What is DSPy? Will it Challenge LLM Frameworks

DSPy, now stands for 𝗗eclarative 𝗦elf-improving Language 𝗣rograms (in p𝘆thon), according to Omar Khattab, author of DSPy. DSPy is a framework developed by StanfordNLP for algorithmically optimizing language model (LM) prompts and weights, particularly when LMs are used multiple times within a pipeline. It helps in separating the flow of a program from the parameters, such as prompt instructions, few-shot examples, and LM weights.

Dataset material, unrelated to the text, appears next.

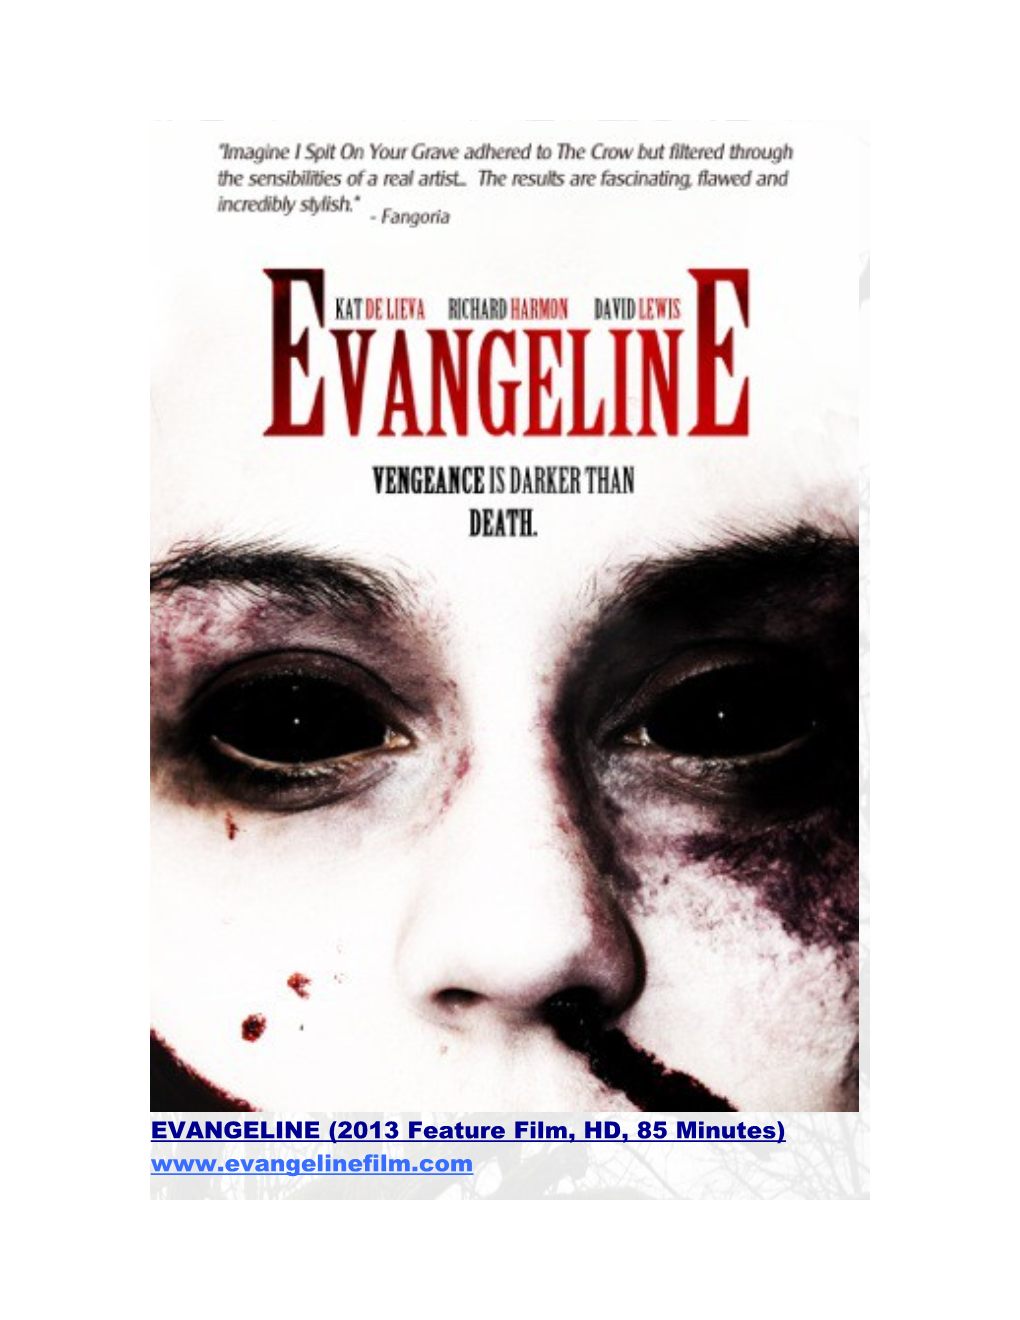 EVANGELINE (2013 Feature Film, HD, 85 Minutes)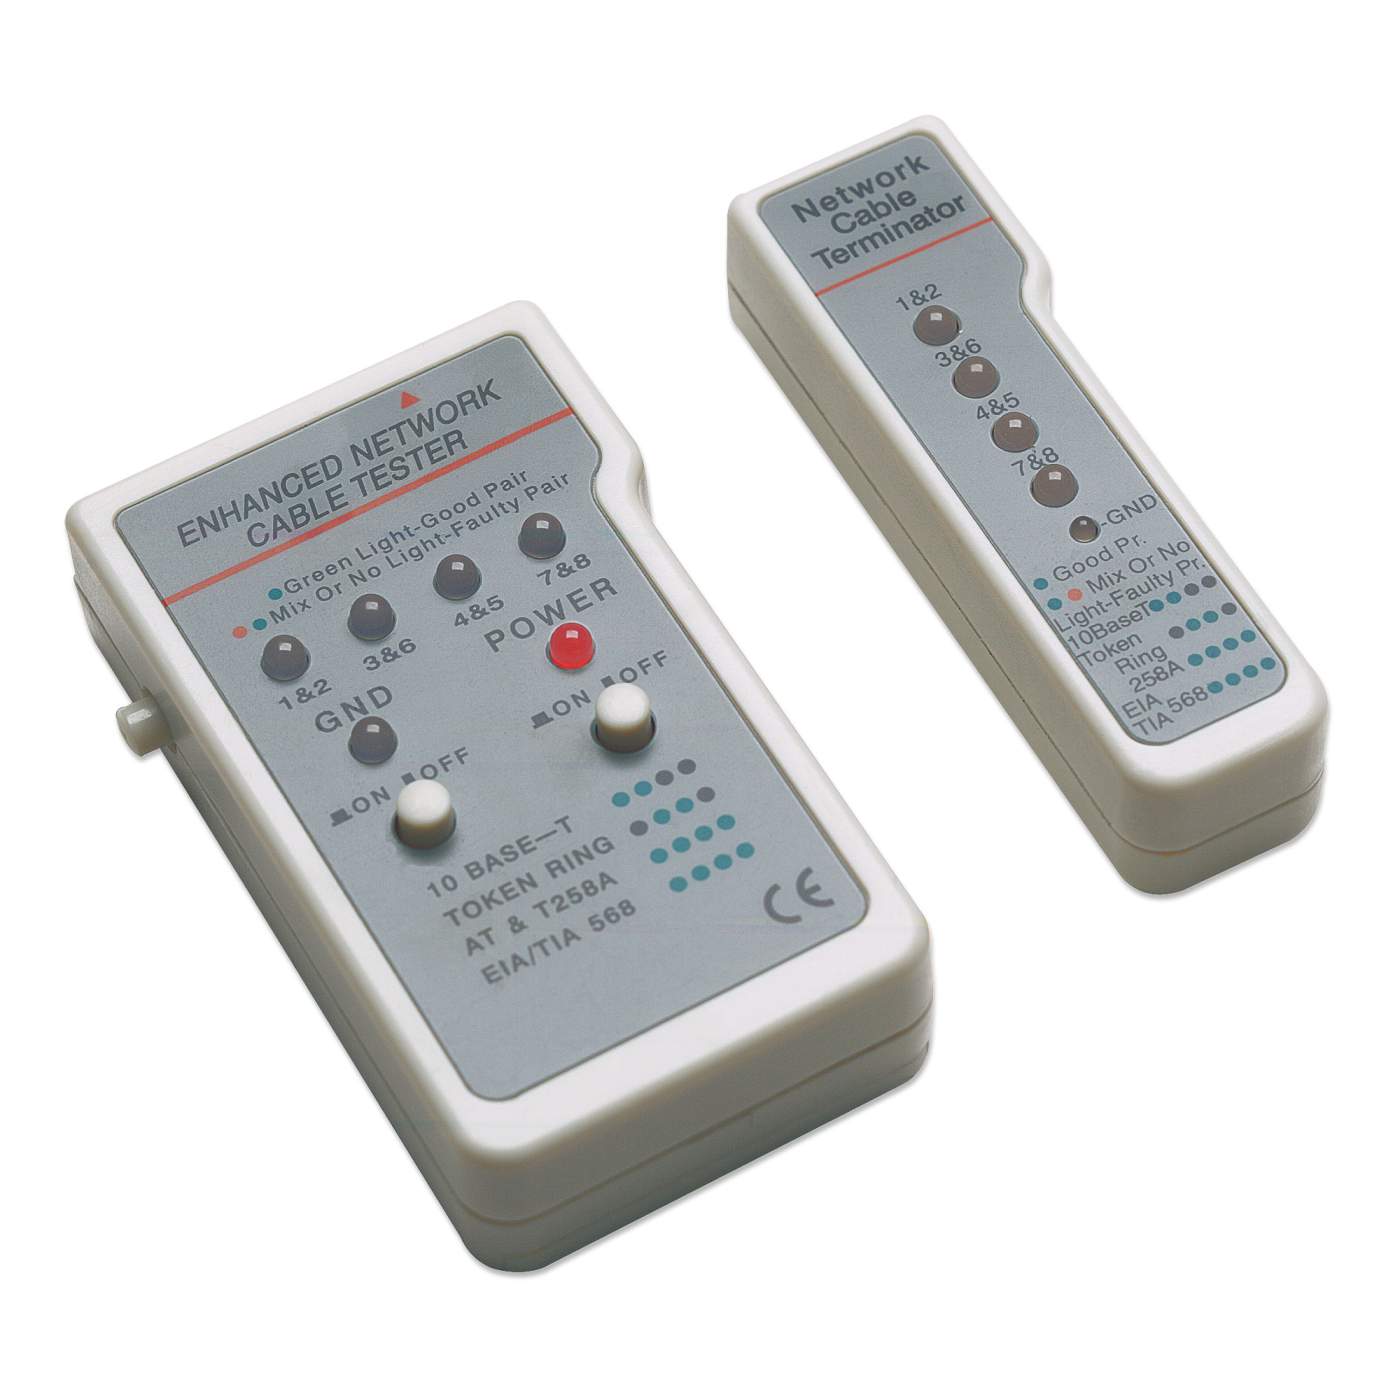 Testeur de câble 4 en 1 (RJ11 / RJ 45 / BNC / USB) (351911)

This is helpful since this separation simplifies the process of using language models to build a complex system by eliminating the need to manually tweak prompts and finetune LMs, which can be hard and messy. DSPy abstracts LM pipelines as text transformation graphs, allowing for the automatic optimization of prompt structures to solve specific problems. It also provides a clean class-based representation of workflows and a way to solve for the best prompt structure, promising to eliminate tedious prompt engineering. Essentially, DSPy aims to streamline the use of LMs in complex systems by automating the optimization of prompt structures and finetuning steps, thereby reducing the manual effort and complexity involved in using LMs within a pipeline.

DSPy Key Features

DSPy is a framework for optimizing large language model (LM) prompts and weights, especially in complex pipelines. Its key features include:

  1. Separation of program flow and parameters: DSPy separates the flow of the program (modules) from the parameters (LM prompts and weights) of each step, making it easier to optimize and modify the system.
  2. LM-driven optimizers: DSPy introduces new optimizers that can tune the prompts and/or the weights of LM calls to maximize a given metric. These optimizers are LM-driven algorithms that generate effective prompts and weight updates for each LM in the pipeline.
  3. Improved reliability and performance: DSPy can teach powerful models like GPT-3.5 or GPT-4 to be more reliable and avoid specific failure patterns. It can also improve the performance of local models like T5-base or Llama2-13b.
  4. Systematic approach: DSPy provides a more systematic approach to solving hard tasks with LMs, reducing the need for manual prompting and one-off synthetic data generators.
  5. General-purpose modules: DSPy provides general-purpose modules like ChainOfThought and ReAct, which replace string-based prompting tricks and make it easier to build complex systems with LMs.
  6. Compilation process: DSPy compiles the same program into different instructions, few-shot prompts, and/or weight updates for each LM, allowing for more effective and efficient use of LMs in the pipeline.

How does DSPy work?

The DSPy framework, as described in the provided document, works by integrating LM Assertions as a programming construct for expressing computational constraints that language models (LMs) should satisfy. These constraints ensure that the LM pipeline’s behavior aligns with specified invariants or guidelines, enhancing the reliability, predictability, and correctness of the pipeline’s output. The LM Assertions are categorized into two well-defined programming constructs, namely Assertions and Suggestions, denoted by the constructs Assert and Suggest. They enforce constraints and guide an LM pipeline’s execution flow. The Assert construct offers a sophisticated retry mechanism, while supporting a number of other new optimizations. On an Assert failing, the pipeline transitions to a special retry state, allowing it to reattempt a failing LM call while being aware of its previous attempts and the error message raised. If, after a maximum number of self-refinement attempts, the assertion still fails, the pipeline transitions to an error state and raises an AssertionError, terminating the pipeline.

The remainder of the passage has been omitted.